Donner? Donner was the cook of the late Willie Collins. He it was who’d fetched, in payment for saleratus, the buttons with hens on them which now adorned Flory’s makeshift uniform. Donner had not died with the ringleaders, he had been sentenced to the chain gang, had served his sentence, was now become a sniveling beggar, lethargic, dropsical. Once he had been savage, surly, once he had overawed the other prisoners, had preyed upon weak ones. Now he tottered toward his doom unwashed, unfed, unfeared, unloved. Sometimes his wheezing voice reached to the hearing of Floral Tebbs when Flory stood on his platform. Hi . . . guard . . . member me? Donner? Man who got you those buttons . . . you member . . . with eagles, like you wanted? Please . . . give me . . . give me . . .

  Yank, said Flory haughtily, what you got to trade?

  Me? I got . . . nothing . . . please . . . give me a gristly bone, maybe? Or you got . . . lard, like?

  Can’t make no trade less you got something to trade.

  Got . . . maybe . . . bacon? One day . . . seen you eating a chunk of pork up there. . . .

  Now, listen, you old greasy mechanic you— Get away from here fore I take a pot-shot at you!

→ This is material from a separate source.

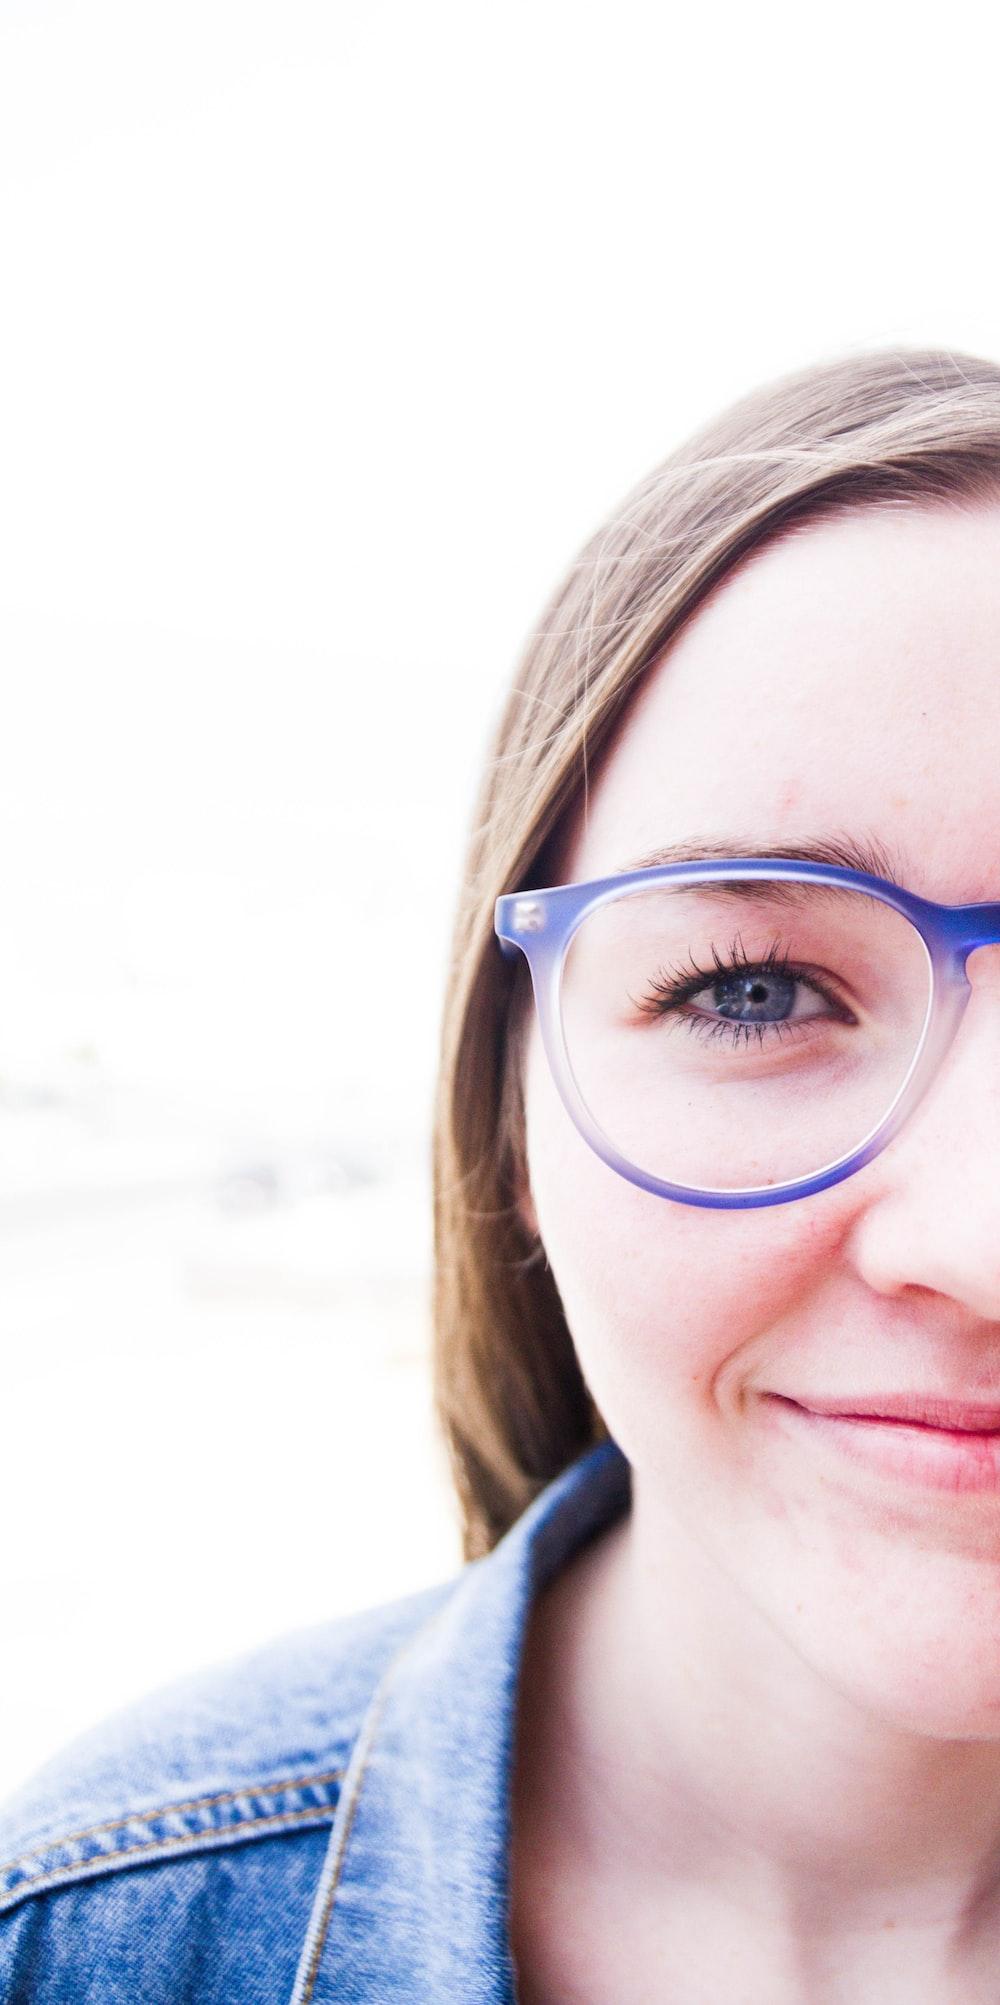 woman wearing blue framed eyeglasses and denim jacket

  The brim of the quilted hat was folded under clogging rainfall, it was like an old woman’s sunbonnet, heavier than any old woman’s sunbonnet, more grotesque. Distantly Flory heard the creaking of wagons on an adjacent road beyond the trees, the creaking of wagons being hauled up the hill with their loads of dead bodies. Rain seemed thinner now, you could hear things, you couldn’t hear the mutter of Andersonville and it seemed good to get loose from it; but you observed the faraway snap of a whip, you heard the driver ordering his team, Now you boys walk off on your tails!

  —Donner. Why not shoot Donner, next time he came doddering around?

  —Shoot somebody.

  —Some damn Yankee, some old bastard Yankee.

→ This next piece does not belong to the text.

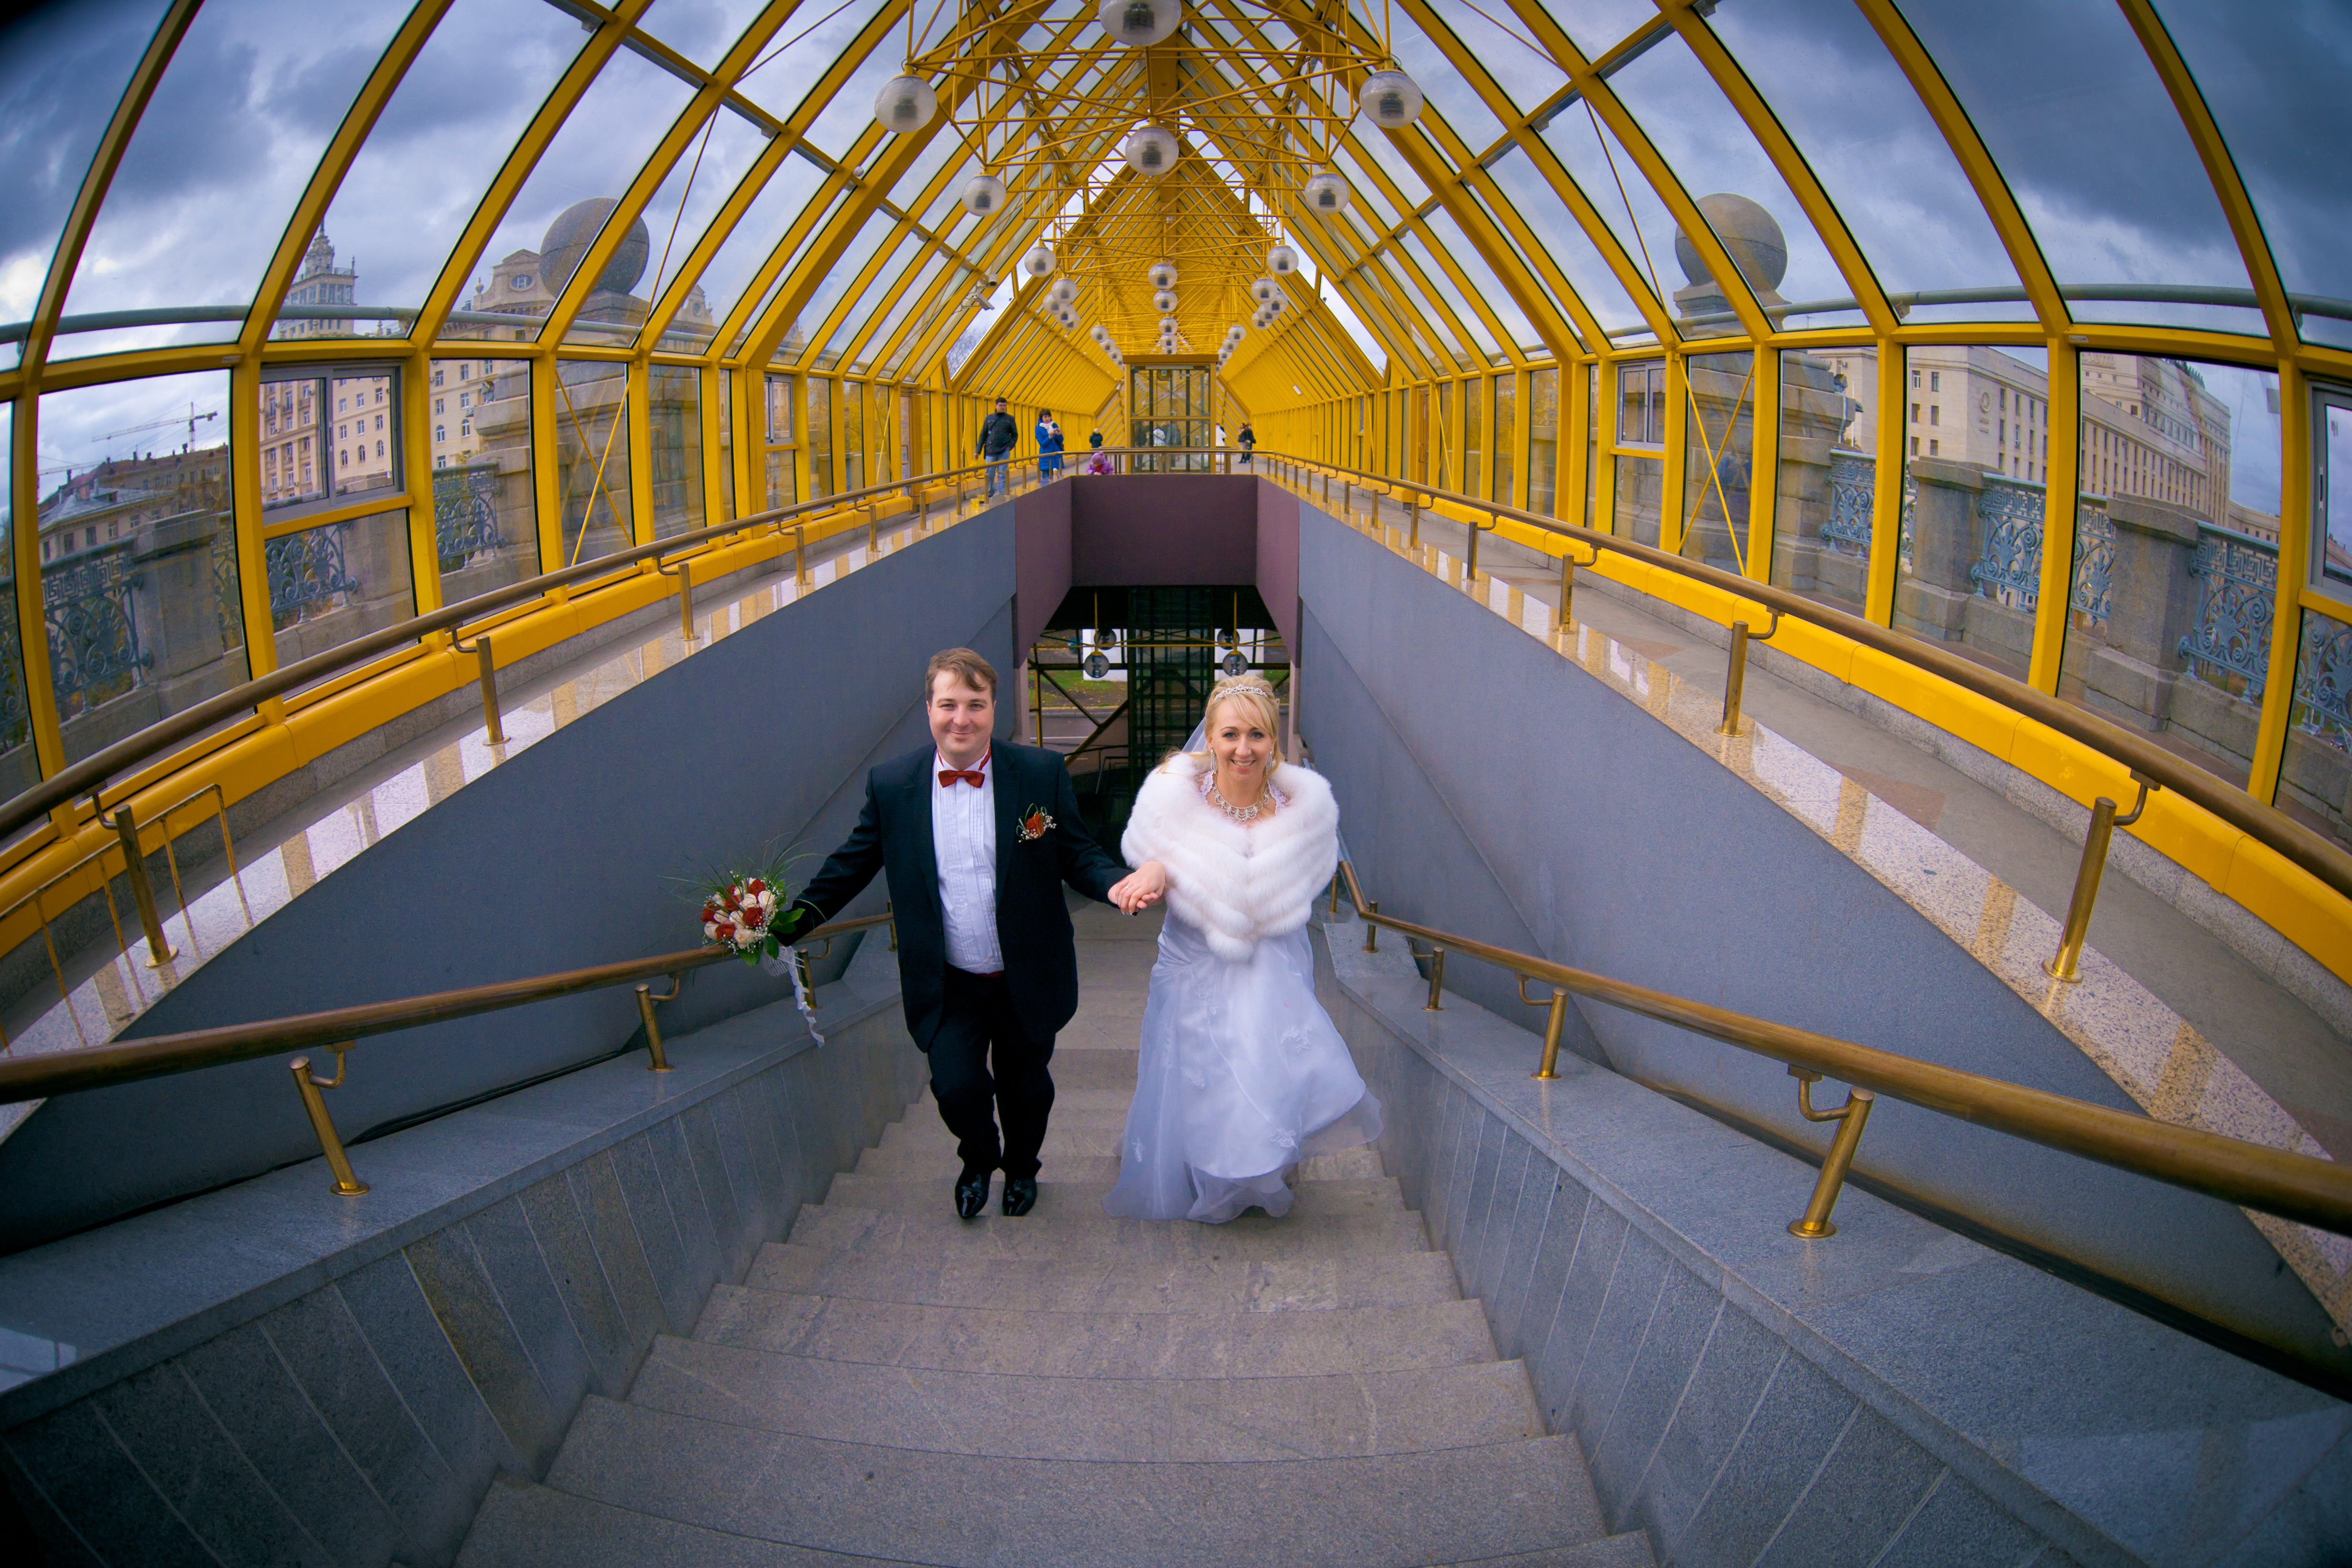 Шубки накидки свадебная накидка напрокат для свадьбы Москва Wedding fur

  —Or just fire at random, maybe somebody would get hit? If Captain Wirz demanded to know why Flory had fired, he could say, Twas an accident. That old hammer just cotched on my clothes, sir. It did.

  No! For the other boys had fired deliberately, they had aimed at specific individuals, had picked them out in their sights. They had stood like soldiers defending a barricade (and certainly they were in an act of defense, as sworn to serve. They were defending Georgia against the horde of hated savages within that fence). Mackey and Irby had done a studied purposeful thing; each of them had; they won praise for it. Floral Tebbs might never hold up his head beneath its sagging soaked drippings of calico, he might never claim to be a man until his finger squeezed the trigger and the charge split the air and split an enemy’s body. . . .

  What you see this time, Flory?

  Never saw nothing. Heard some wagons yonder.

  Must have been on the graveyard road.

  By Jesus God, Norrel, I did think I smelt something for sure!

  Hain’t you ever been On Picket hereabouts before, Barty? You ought to been here on a hot day like a couple weeks since. By God, them damn Yanks did stink meaner than a bucket of turds.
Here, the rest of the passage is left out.